• [Your objective]:
Output exactly, in the material below, the lines from the one with "Волгоград - Интернет-магазин" through the one with "20oz Vacuum Insulated". Omit all pictures.

• [Records]:
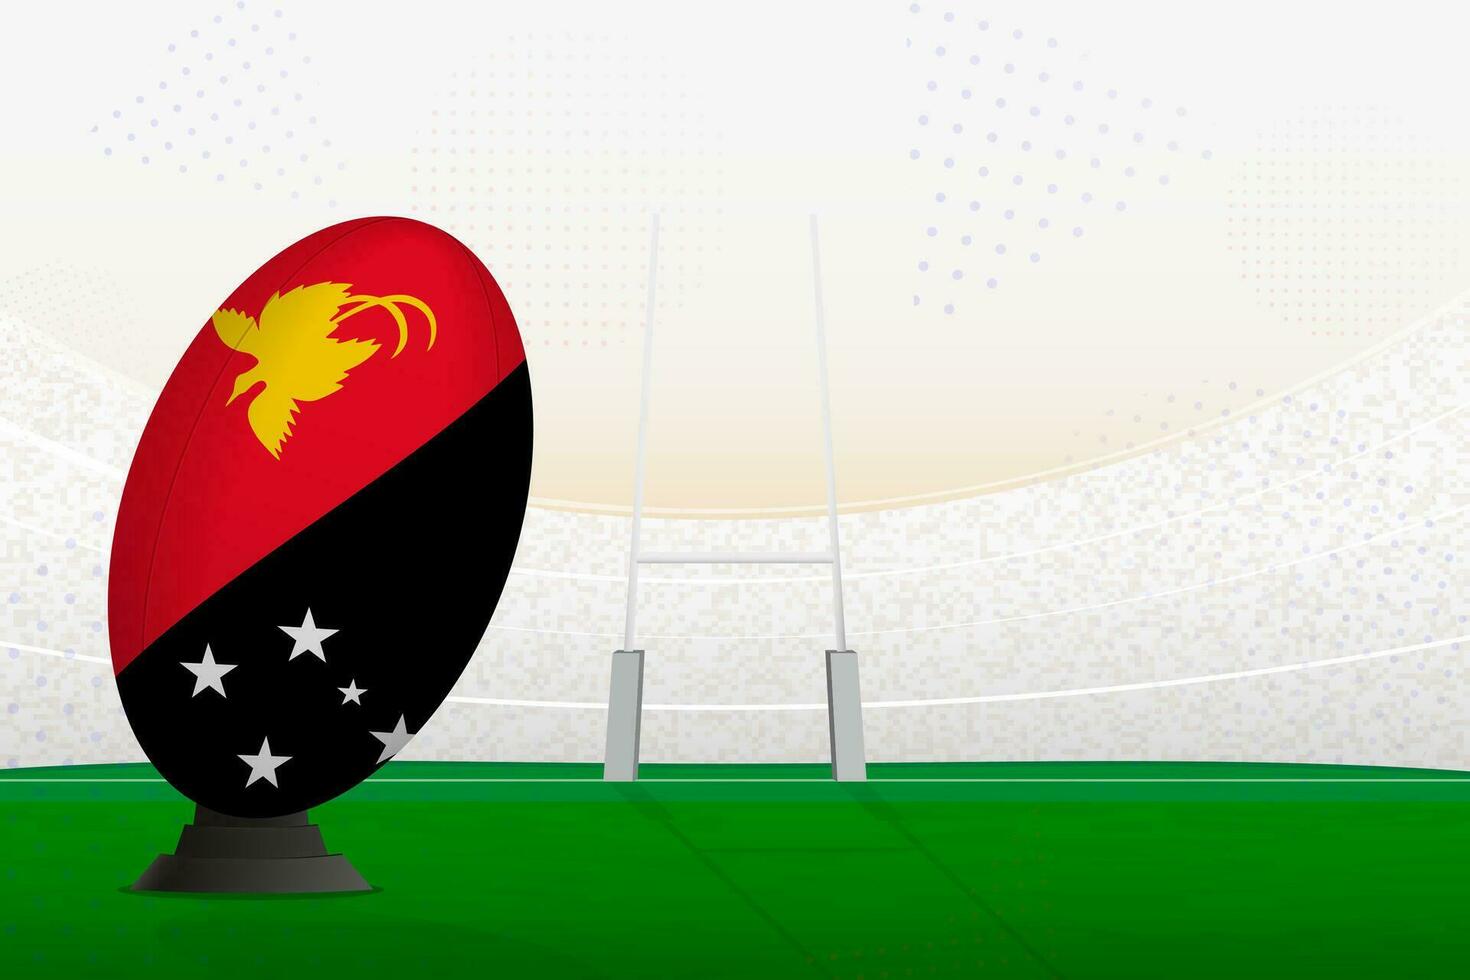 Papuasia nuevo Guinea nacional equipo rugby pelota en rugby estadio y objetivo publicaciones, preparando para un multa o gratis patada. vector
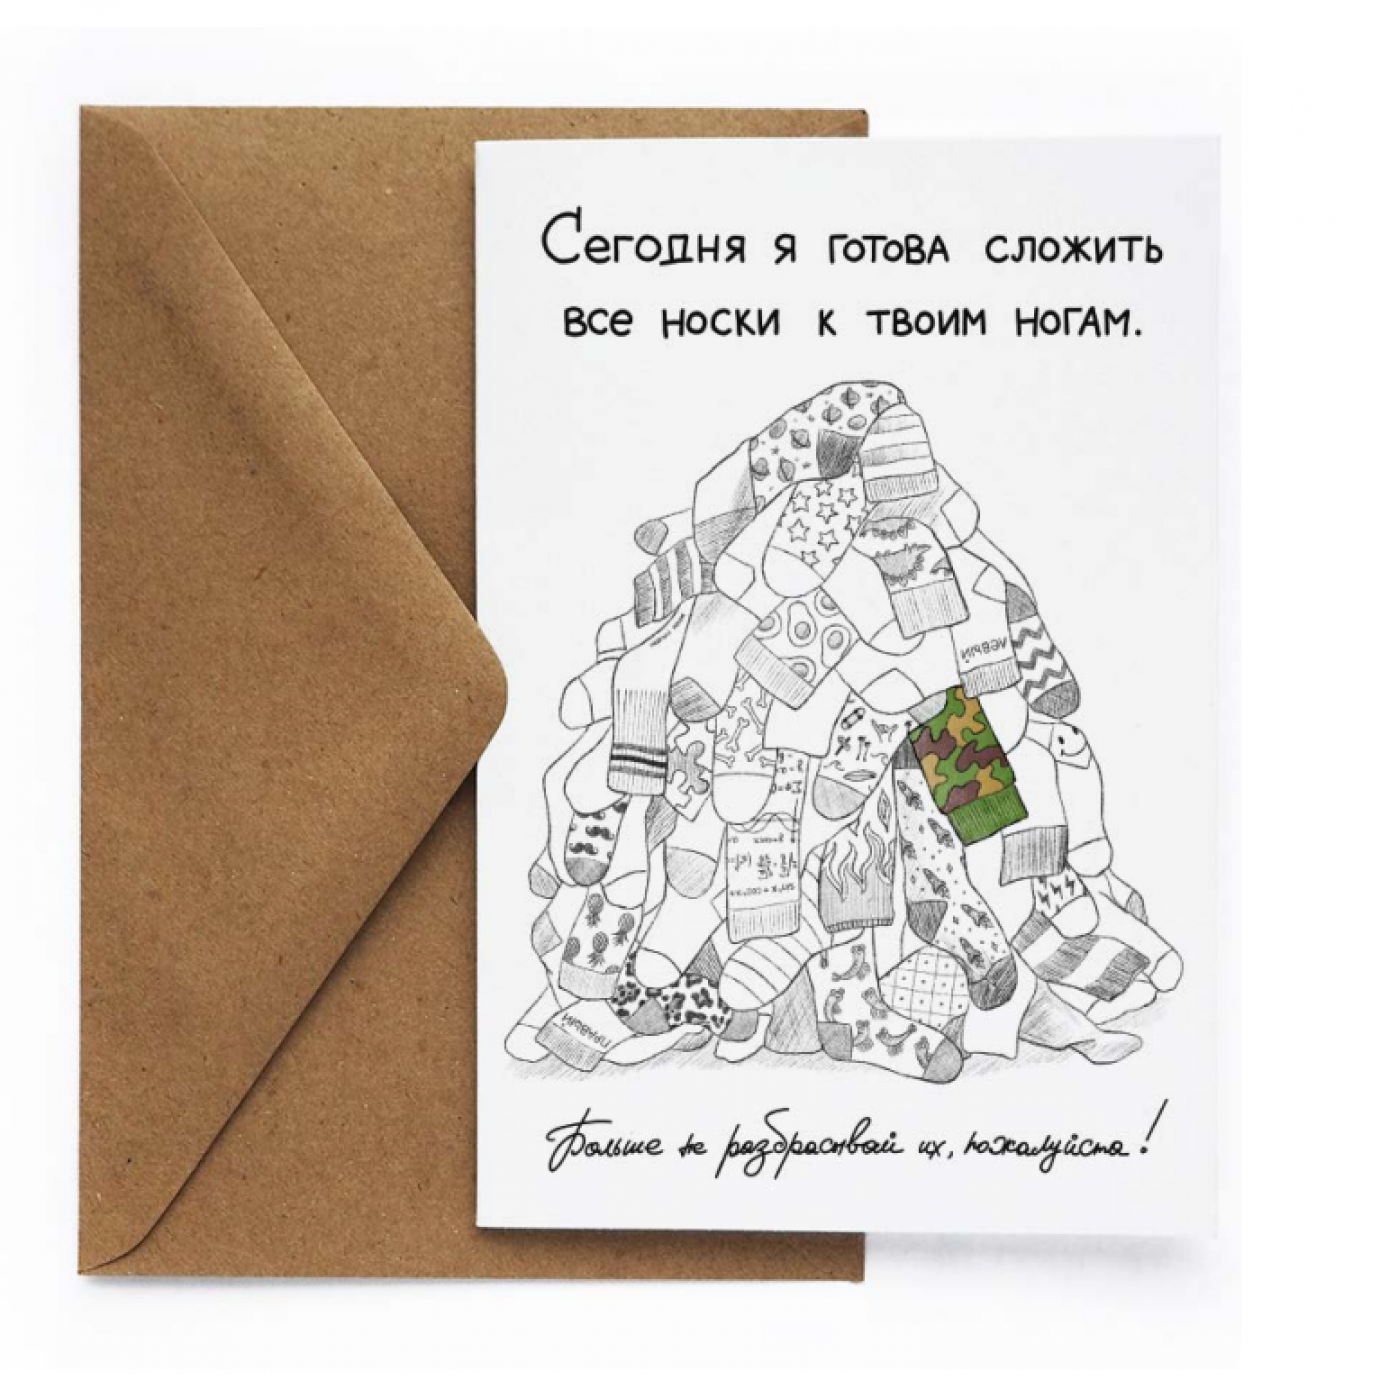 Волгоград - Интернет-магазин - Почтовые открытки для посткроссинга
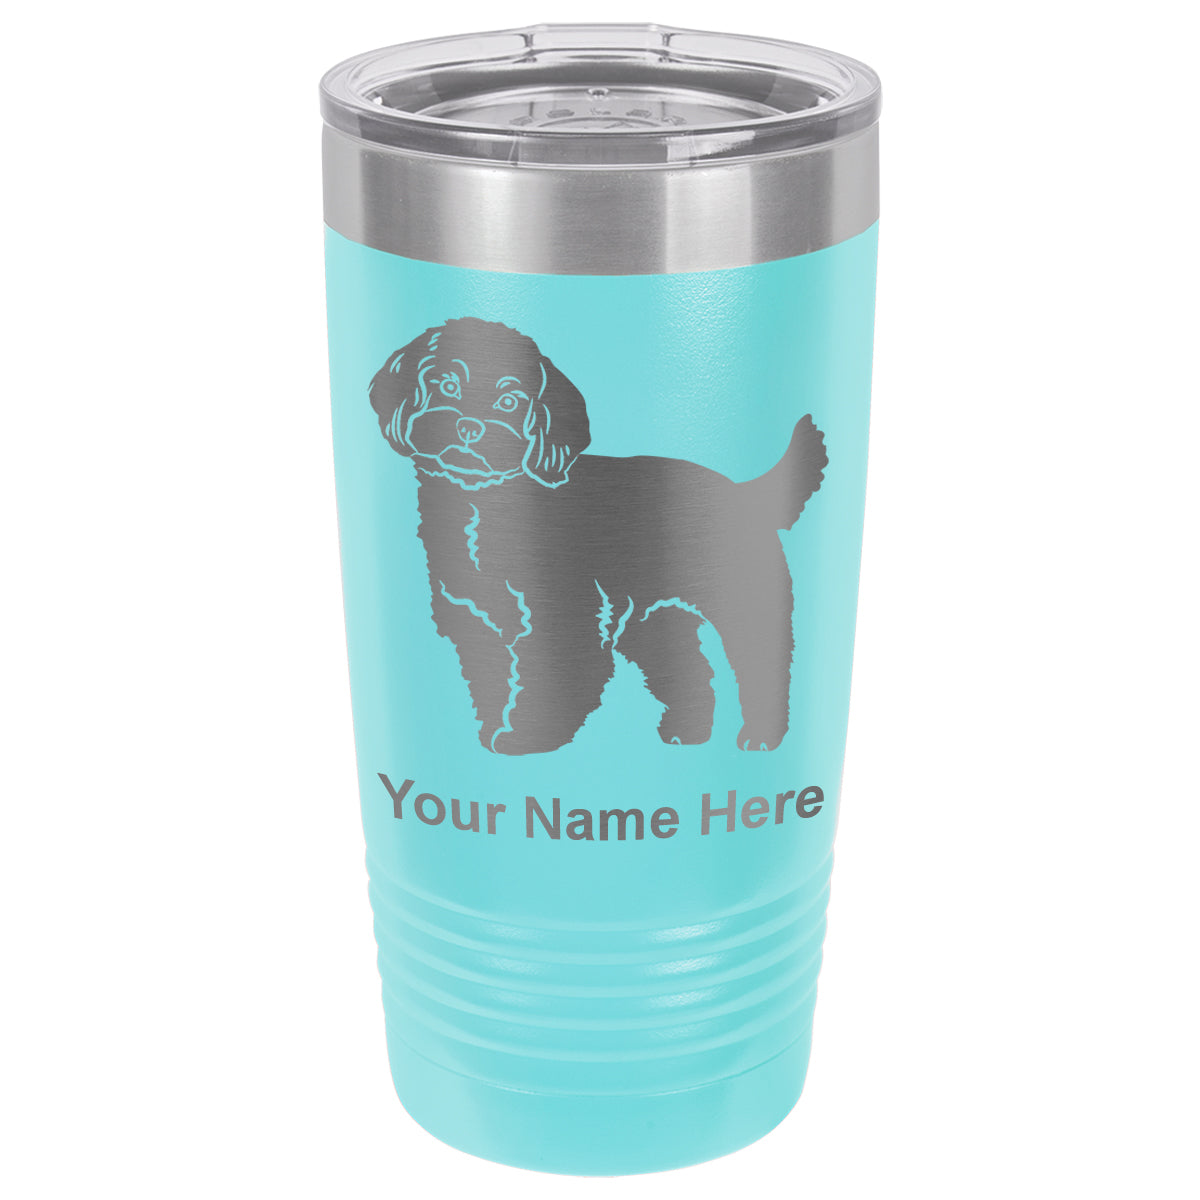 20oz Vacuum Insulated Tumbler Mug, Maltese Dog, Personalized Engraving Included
...
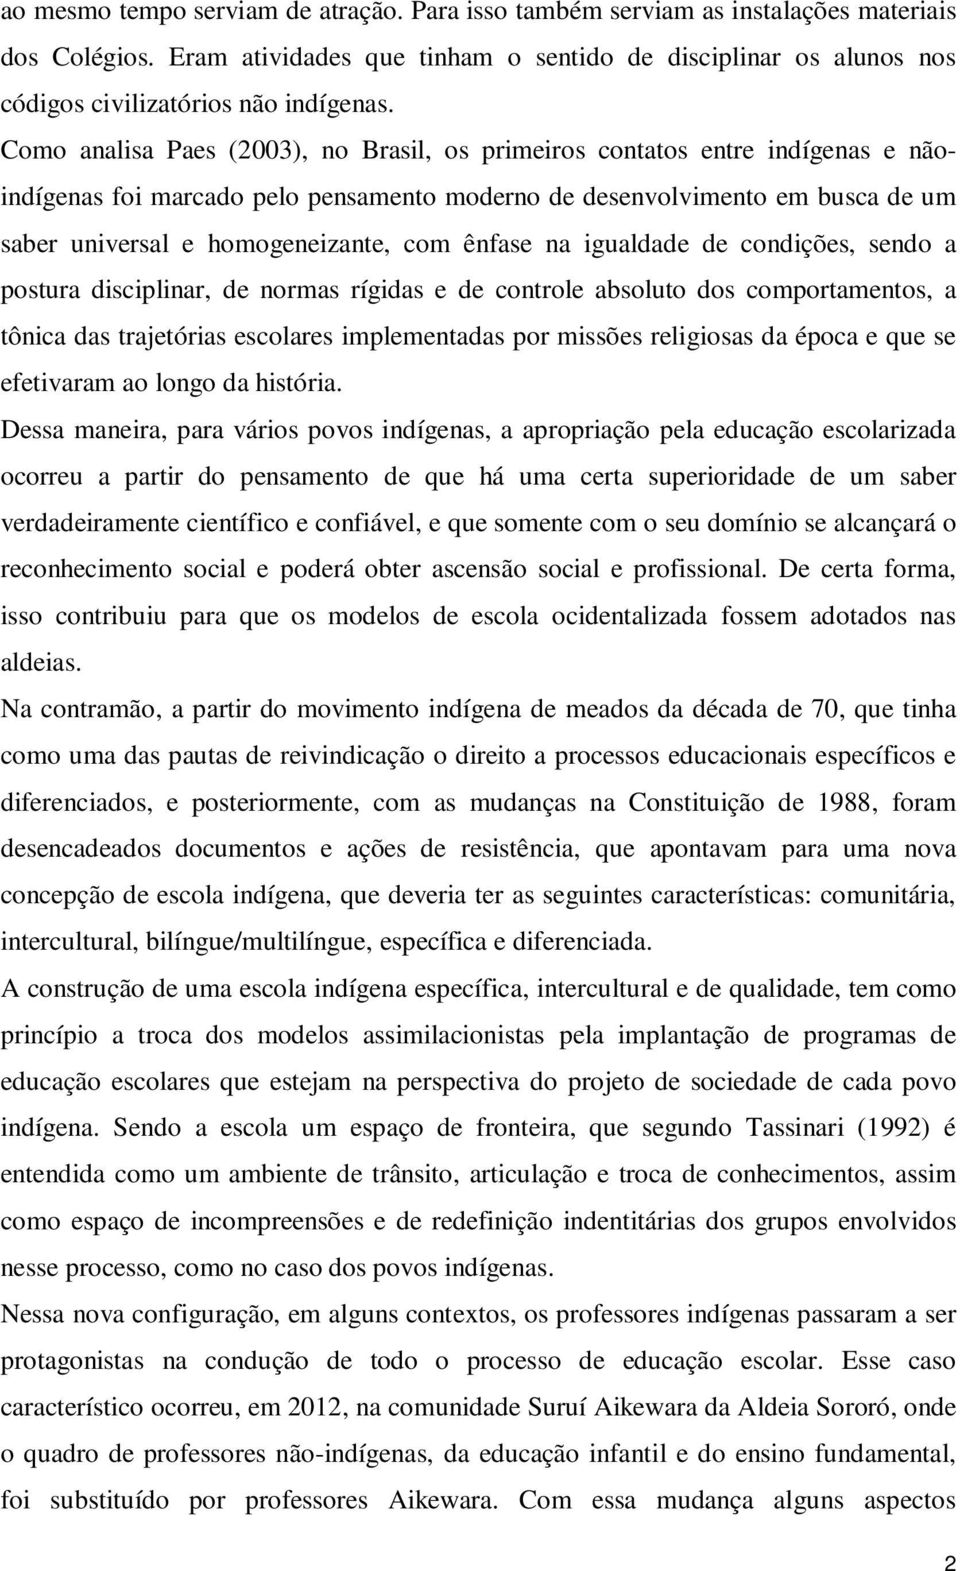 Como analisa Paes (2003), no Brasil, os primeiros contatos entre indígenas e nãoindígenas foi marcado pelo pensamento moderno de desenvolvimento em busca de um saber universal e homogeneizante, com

• [Solved exercise]:
 Волгоград - Интернет-магазин - Почтовые открытки для посткроссинга
 20oz Vacuum Insulated Tumbler Mug, Maltese Dog, Personalized Engraving Included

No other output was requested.